Abstract: Parent-Child Communications with Self-Identified out Gay Men: Their Communication Styles (Society for Social Work and Research 22nd Annual Conference - Achieving Equal Opportunity, Equity, and Justice)

531P Parent-Child Communications with Self-Identified out Gay Men: Their Communication Styles

Schedule:
Saturday, January 13, 2018
Marquis BR Salon 6 (ML 2) (Marriott Marquis Washington DC)
* noted as presenting author
Junior Allen, Ph.D., Doctoral Student, University of Georgia, Athens, GA
Michael Holosko, Ph.D., Professor, University of Georgia, Athens, GA
Jennifer Elkins, PhD, Assistant Professor, University of Georgia, Athens, GA
Shari Miller, PhD, Associate Dean and Associate Professor, University of Georgia, Athens, GA
Orion Mowbray, PhD, Assistant Professor, University of Georgia, Athens, GA
Kimberly Huggins-Hoyt, Ph.D., PhD Graduate, University of Georgia, Athens, GA
Rationale. We explored the attributes that made parent-child communications more effective when addressing issued related to sex, sexuality, and HIV, with self-identified gay males.  

Background/Purpose. Simple basic communication is often a difficult and arduous process, especially when addressing sensitive topics.  One example occurs when parents and gay males discuss topics and issues related to sex, sexuality, and/or HIV.  Limited research on this subject, showed that generally, gay males were more likely to reveal their sexual orientation and spoke more openly to their mothers about sex and sexuality.  However, no know empirical studies have been identified, that explored in-depth the stylistic aspects of communications with this sub-population.

Method. Single one-on-one participant telephone and face-to-face interviews, ranging from 45-90 minutes, were conducted in 2016 with N = 14 unique self-identified out gay males ages, Ra 18-30. They were asked to retrospectively recall their parent-child communications on sex, sexuality, and HIV.  All consented interviews were recorded and transcribed verbatim. Analyses were conducted using iterative inductive and deductive procedures associated with thematic analysis.  Identified themes and codes were subsequently discussed with 3 participants taken from the larger pool of participants for validity purposes.

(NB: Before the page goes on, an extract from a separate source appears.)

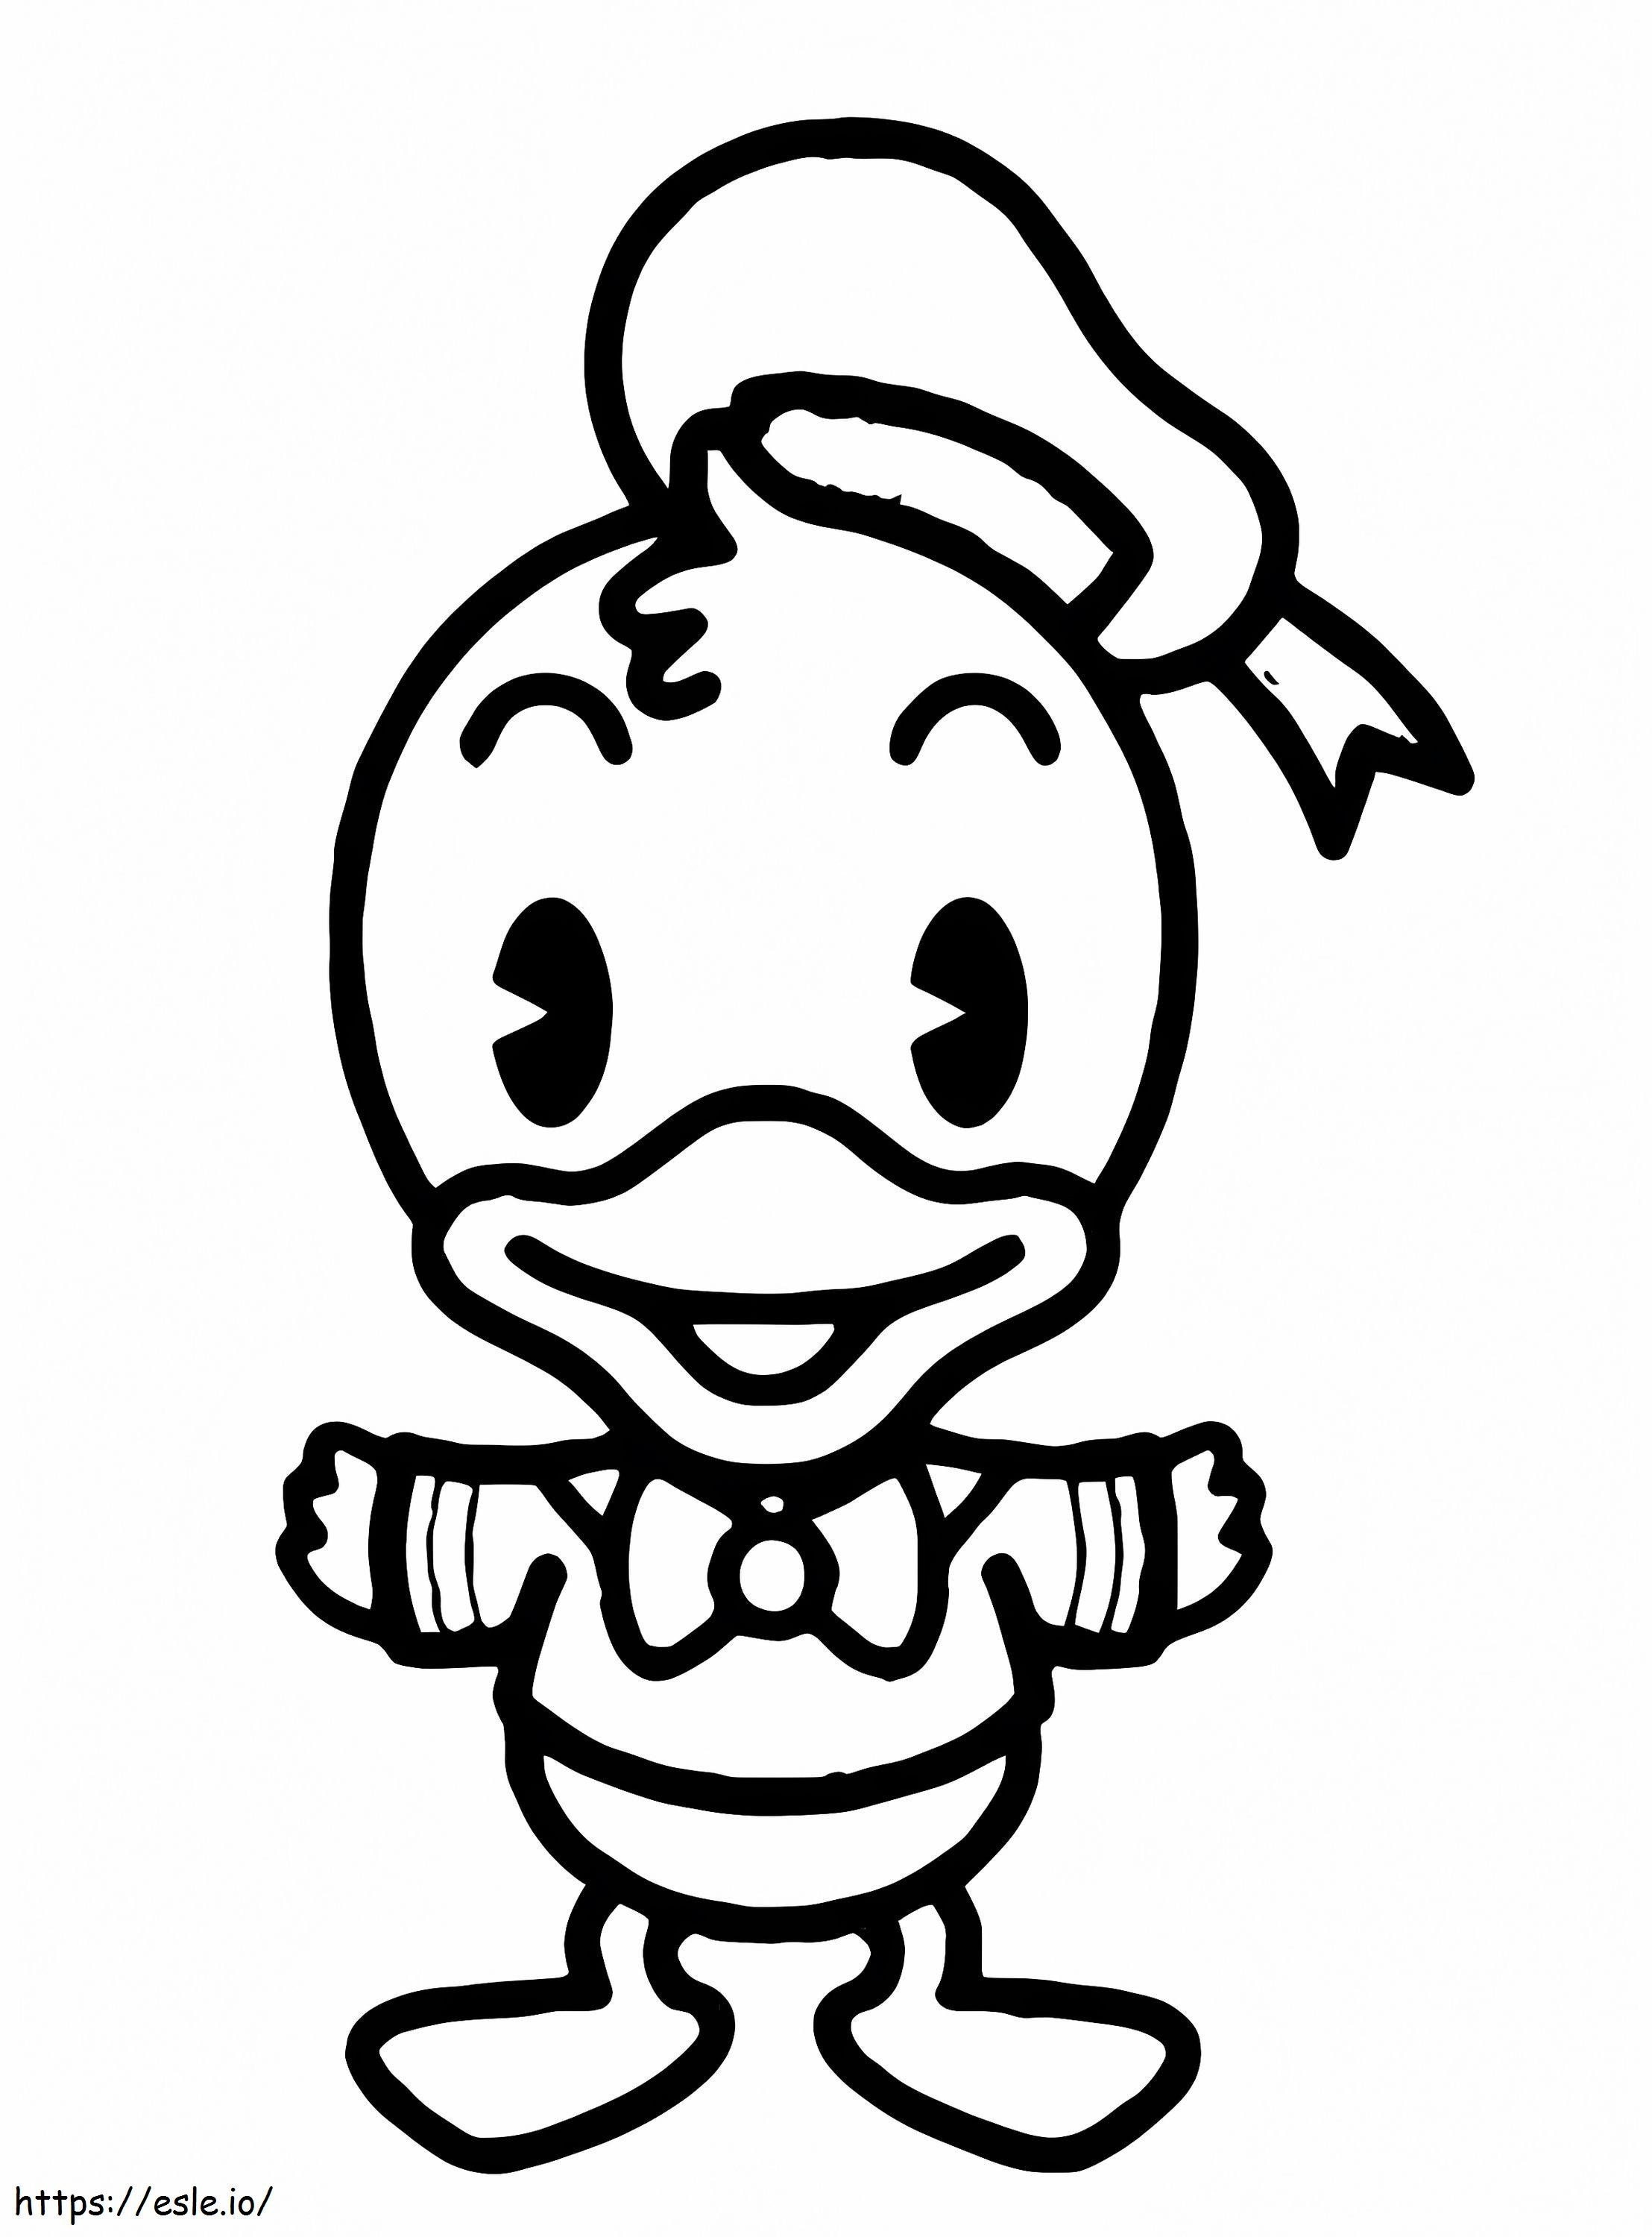 Donald Duck Disney Cuties coloring page
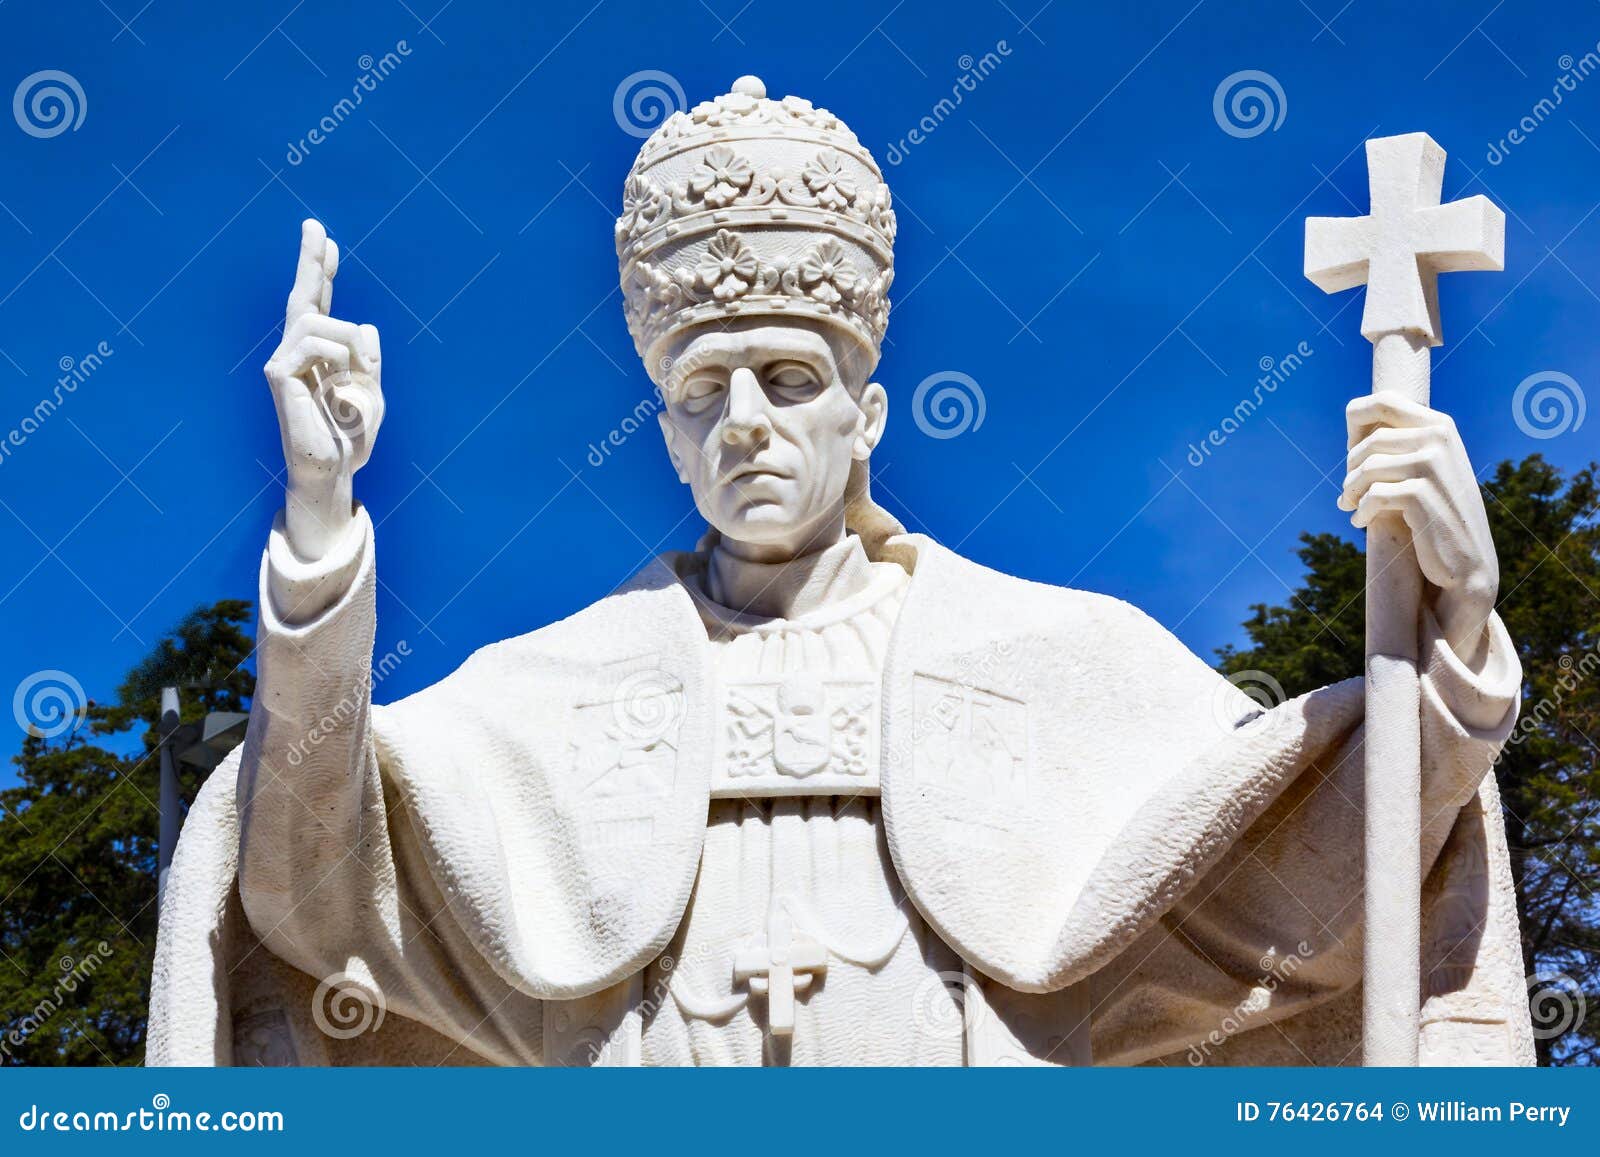 pope pius xii statue basilica of lady of rosary fatima portugal

Findings. Findings revealed that conversational styles with gay males about sex fell on a continuum of poor, below average, average, above average and excellent.  Conversations deemed poor were often: a) completely dismissive, b) superficial and generic, c) emasculating, d) used scare tactics, e) invoked religion, and f) invoked ultimatums. Conversely, conversations deemed excellent were often: a) timely and frequent, b) used age appropriate language, c) acknowledged parental limitations, d) reinforced and normalized sexuality, e) provided external support, and f) discussed the sexuality continuum.  Participants revealed that all parental conversations with them either improved over time, or fluctuated back-and-forth as a result of personal comfort levels and their mutual understandings of sex and sexuality. These vacillations were based on: a) parental knowledge about how to live with a gay son, b) the son’s inability to accurately describe, and/or explain his own sexuality, c) some ingrained parental religious beliefs, d) parentally conflicted gender and role expectations of their son, e) parental education levels and, f) parental exposure to other GLBT individuals. Results indicated that most parents often did not address HIV/AIDS content effectively because of their own personal experiences with family and friends who died from HIV. 

Implications. These findings provided a nuanced do’s and don’ts communication checklist, that could be helpful for all parents when initiating, and/or engaging in conversations about sex, and/or sexuality with adolescents, and specifically gay men.  Similarly, results indicated that such communications often resulted in closer parent-child relationships with parents developing differential attitudes and beliefs about homosexuality, and changed sexual health behaviors among these youth. Ultimately, both parents and children should be provided with more concrete information and supports about how to have these difficult conversations; as should frontline caseworkers, school social workers and educators, healthcare workers, and case managers.